收稿日期: 2024-12-20
网络出版日期: 2025-03-03
基金资助
国家自然科学基金项目(72471091);广东省自然科学基金项目(2024A1515011177);广东省科技计划项目(2024A1111120009)
Effect of Complex Horizontal Alignment Combination Design on the Trajectory Offset of Autonomous Vehicles Based on PreScan
Received date: 2024-12-20
Online published: 2025-03-03
Supported by
the National Natural Science Foundation of China(72471091);the Natural Science Foundation of Guangdong Province(2024A1515011177);the Science and Technology Plan Project of Guangdong Province(2024A1111120009)
未来自动驾驶车辆(AV)的渗透率将逐渐增加,随之而来的在已有道路上增设自动驾驶专用车道成为提高道路通行效率和行车安全的有效对策。平纵线形受有人驾驶车辆的约束不易调整,但AV专用车道的宽度需重新设计,而自动驾驶专用车道设计方面尚缺乏行业标准和计算依据。车辆轨迹偏移量是车道宽度取值的重要依据,针对显著影响行驶轨迹的复杂平曲线组合设计开展相应研究,基于PreScan-Simulink仿真平台,应用典型的AV横、纵向运动控制算法,考虑卵形、凸形和C形3种复杂的平面线形组合,构建不同车型的仿真车辆模型和道路场景,得到了这3种复杂的平面线形组合对AV轨迹偏移的影响规律特征,并构建不同车型的轨迹偏移模型。研究结果表明:AV除了在凸形曲线上偏移最大的特征点是缓缓点(HH点)之外,在卵形曲线和C形曲线上偏移量最大的特征点均是第1个缓圆点(HY1点)。在这3种平面线形组合上设计速度与AV的轨迹偏移量的大小显著相关,AV车速在60~130 km/h时,各平面线形组合最大特征点的偏移量约为9~16 cm;AV车速在140~150 km/h时,轨迹偏移量随设计速度变化幅度较大,各平面线形组合最大特征点的偏移量约为13~23 cm。最后建立的设计速度与轨迹偏移量之间的关联模型为二次多项式回归模型,回归模型决定系数R2均大于0.95,拟合度基本满足预测要求。本研究方法和研究成果可为专用车道宽度的计算提供参考依据。

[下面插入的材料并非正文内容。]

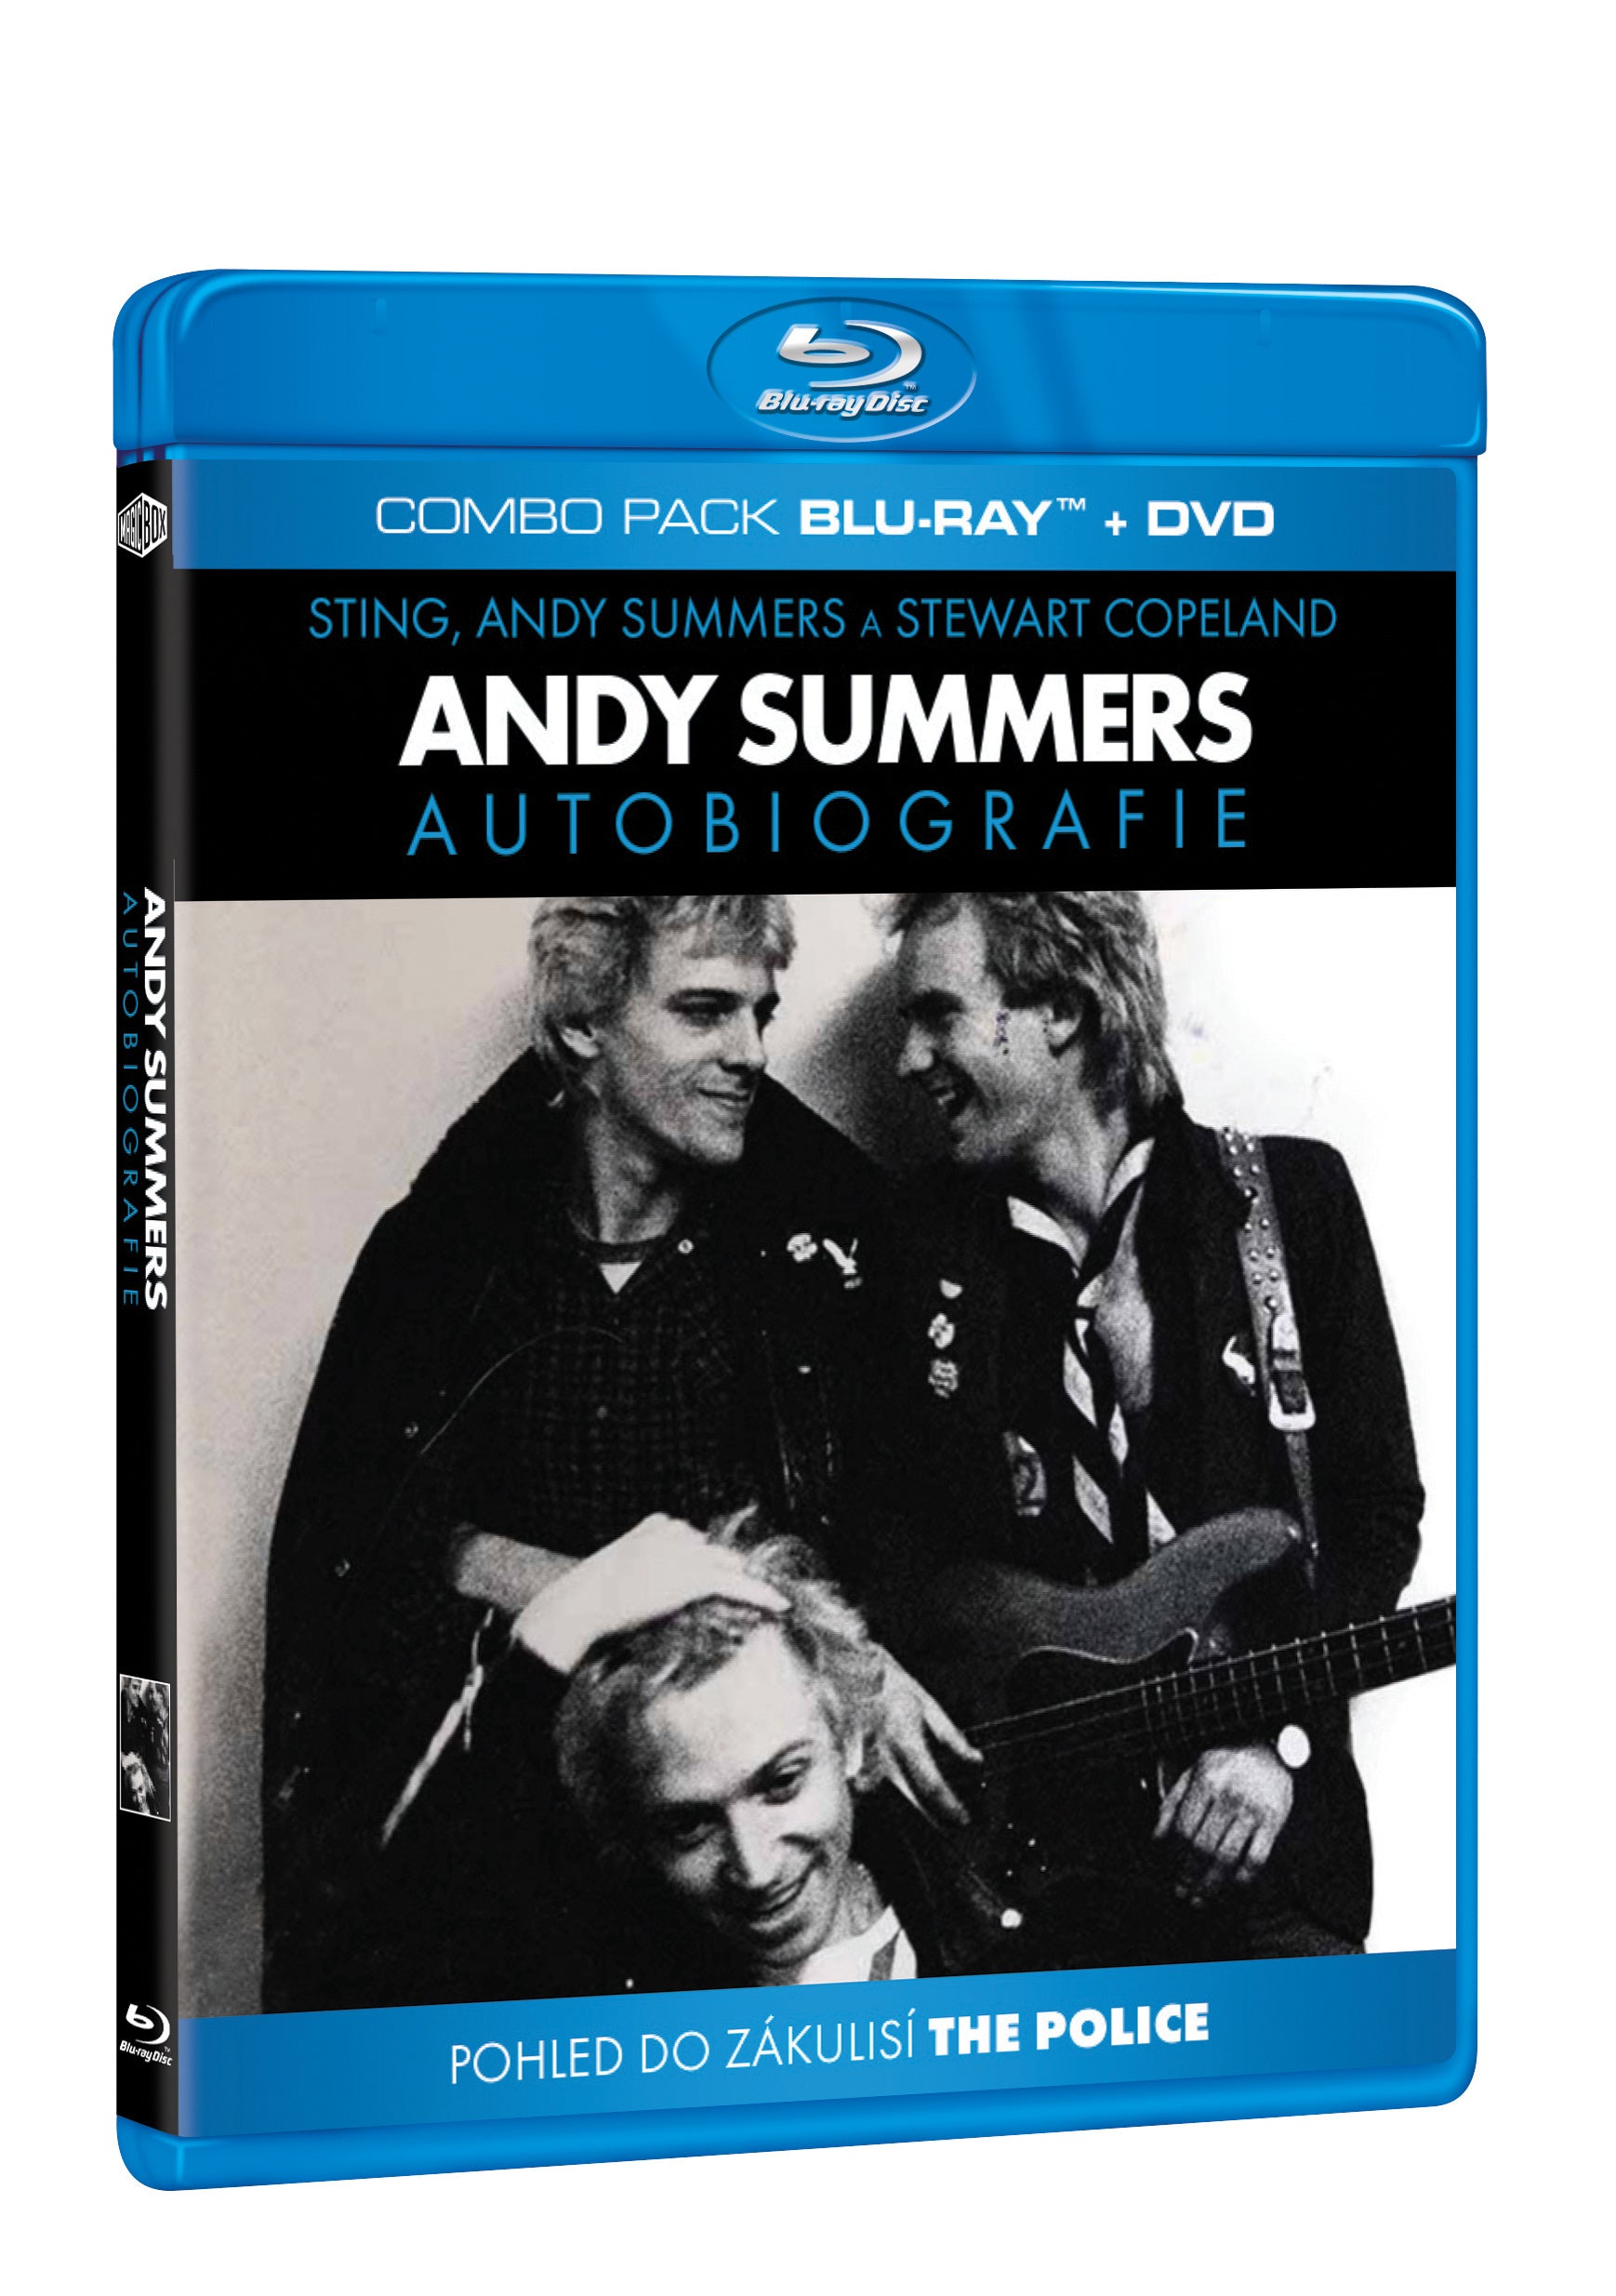 ANDY SUMMERS - Autobiografie BD+DVD (Combo Pack) / One Train Later - Czech version

王晓飞 , 黄诗淇 , 姚江贝 , 曾强 . 基于PreScan的复杂平面线形组合对自动驾驶车辆轨迹偏移的影响特征[J]. 华南理工大学学报(自然科学版), 2025 , 53(7) : 104 -115 . DOI: 10.12141/j.issn.1000-565X.240590
The penetration of automated vehicles (AVs) is expected to gradually increase in the future. Consequently, adding dedicated lanes for AVs to existing roads has become an effective countermeasure to improve traffic efficiency and driving safety. Although the horizontal and vertical alignment are constrained by human-driven vehicles and difficult to adjust, the width of Dedicated lanes for AVs can be redesigned and optimized. However, there is currently a lack of industry standards and calculation basis for designing such lanes. Vehicle trajectory deviation is a crucial factor in determining lane width. This study focuses on complex horizontal curve combinations that significantly affect driving trajectories. Using the PreScan-Simulink simulation platform, it applied typical AV lateral and longitudinal motion control algorithms and considered three types of complex horizontal curve combinations: oval, convex, and C-shaped. It constructed simulation vehicle models and road scenarios for different vehicle types and analyzed the impact of these complex curve combinations on AV trajectory deviation, ultimately developing trajectory deviation models for various vehicle types. This study shows that, unlike in convex curves where the maximum trajectory deviation occurs at the gentle transition point (HH point), in oval and C-shaped curves, the maximum deviation occurs at the first transition curve point (HY1 point). The design speed is significantly correlated with the trajectory offsets of AV on each horizontal alignment combination design: the offsets of the feature points with the largest offsets on each design are about 9~16 cm for AV at 60~130 km/h; the magnitude of the trajectory offsets varies greatly with the change in design speed, and the offsets of the feature points with the largest offsets on each horizontal alignment combination design are about 13~23 cm for AV at 140~150 km/h. Finally, a polynomial regression model was established to describe the relationship between design speed and trajectory deviation. The R2 of the model is greater than 0.95, so the model fit meets the prediction requirements. The research method and research results of this thesis can provide a reference basis for the calculation of dedicated lane width.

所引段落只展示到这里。